To check if the cake is done, use a toothpick. Insert it into the center of the cake. If it comes out clean, the cake is ready. If it has wet batter on it, leave the cake in the oven for a few more minutes. Keep checking every few minutes until it is done. The top should be golden brown and firm to the touch.

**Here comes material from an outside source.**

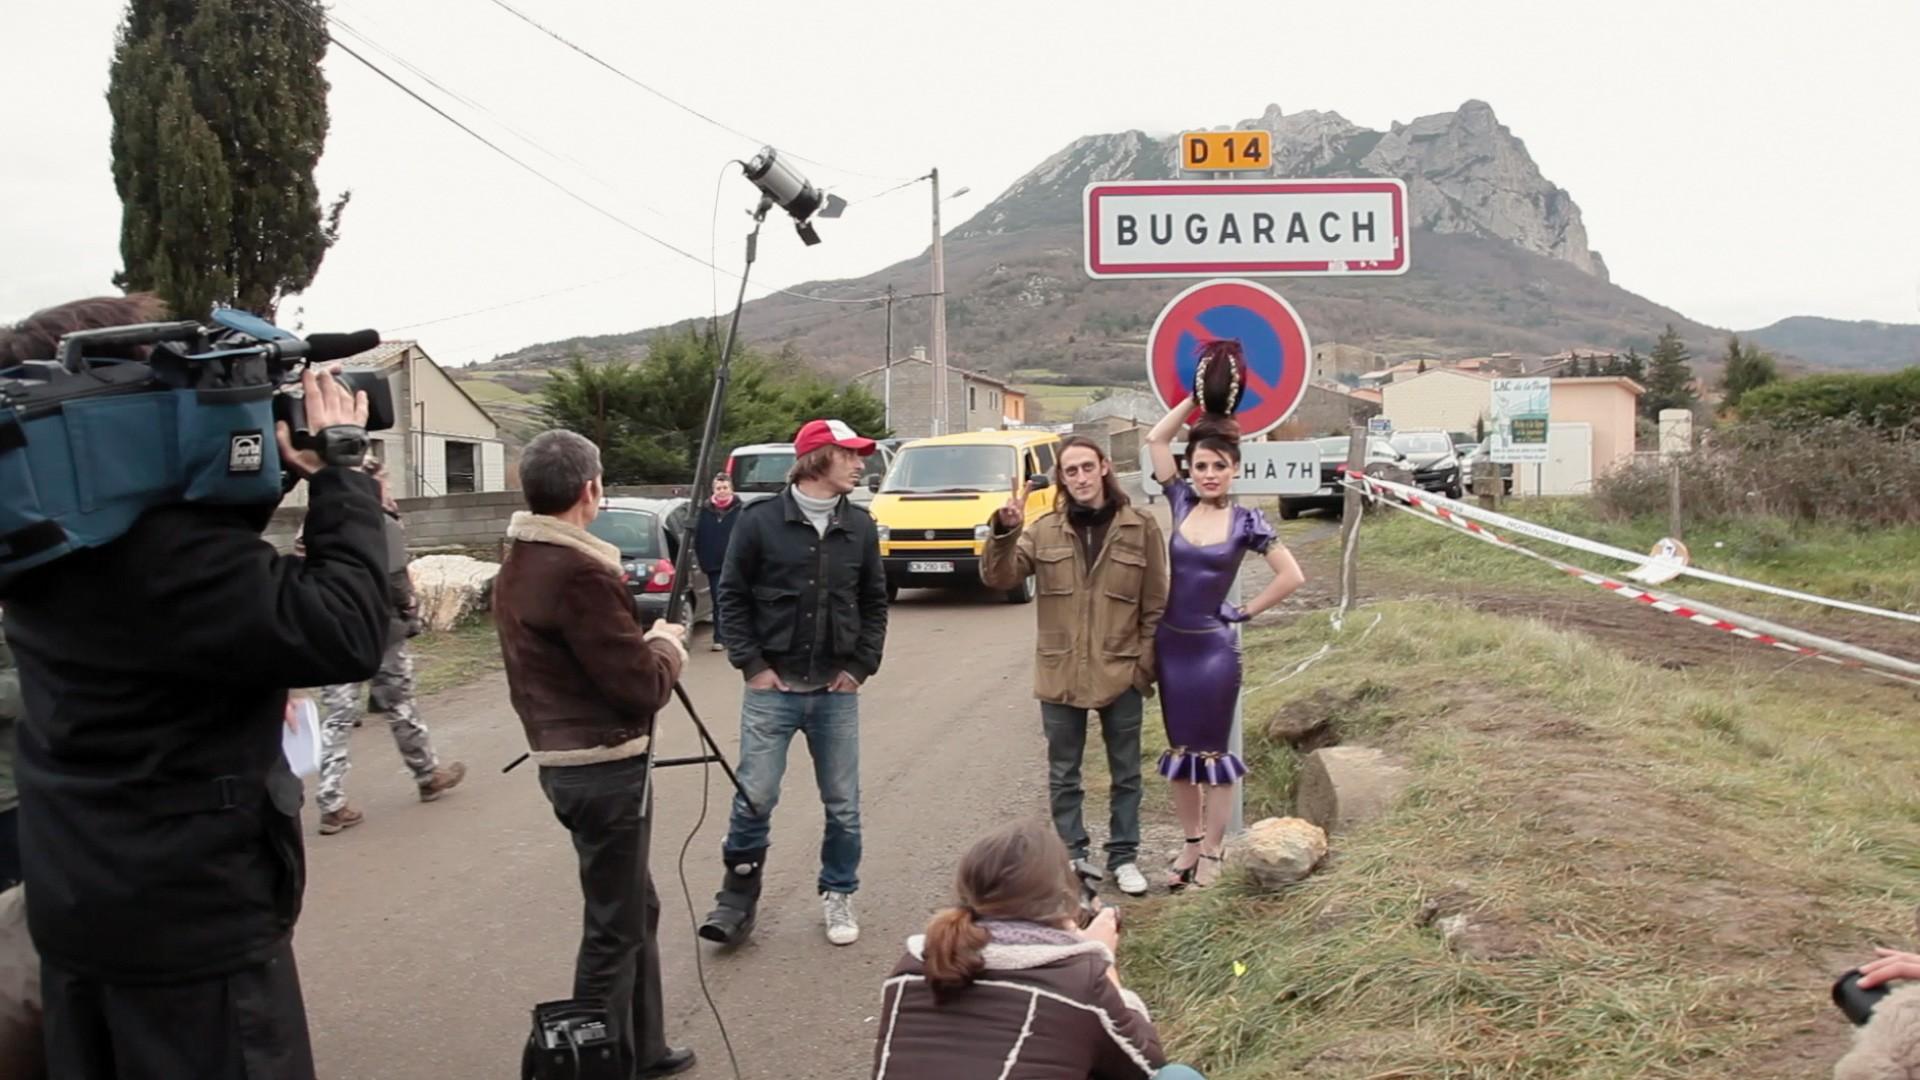 Bugarach-1

This blog post covered key elements to make a delicious lemon blueberry cake. We explored ingredient lists, measurements, and easy steps to create the batter and crumb topping. I shared tips for perfect texture and tasty servings. Variations, like vegan and gluten-free options, cater to different diets. Lastly, I provided storage tips for freshness. Baking can be simple and fun. I hope you feel ready to try this cake at home! Enjoy every bit

Lemon Blueberry Crumb Cake

Lemon Blueberry Crumb Cake

A delightful cake with a crumbly topping, bursting with fresh blueberries and a hint of lemon.

20 min prep
40 min cook
12 servings
250 cal

Ingredients

Instructions

  1. 1

    Preheat your oven to 350°F (175°C). Grease and flour a 9x13-inch baking pan.

  2. 2

    In a large mixing bowl, cream together the softened butter and granulated sugar until light and fluffy.

  3. 3

    Beat in the eggs one at a time, mixing well after each addition. Then mix in the vanilla extract, lemon zest, and lemon juice.

  4. 4

    In a separate bowl, whisk together 2 cups of flour, baking powder, baking soda, and salt. Gradually add the dry mixture to the wet mixture, alternating with the buttermilk. Mix until just combined.

  5. 5

    Gently fold in the blueberries, taking care not to break them.

  6. 6

    In a small bowl, combine 1/2 cup of flour, brown sugar, melted butter, and cinnamon. Mix until crumbly and set aside.

  7. 7

    Pour the batter into the prepared baking pan, spreading it evenly. Sprinkle the crumb topping generously over the cake batter.

  8. 8

    Place the cake in the oven and bake for 35-40 minutes, or until a toothpick inserted into the center comes out clean.

  9. 9

    Once baked, allow the cake to cool in the pan for about 15 minutes. Then, remove it from the pan and let it cool completely on a wire rack before serving.

Chef's Notes

For best results, use fresh blueberries. If using frozen, do not thaw before adding to the batter.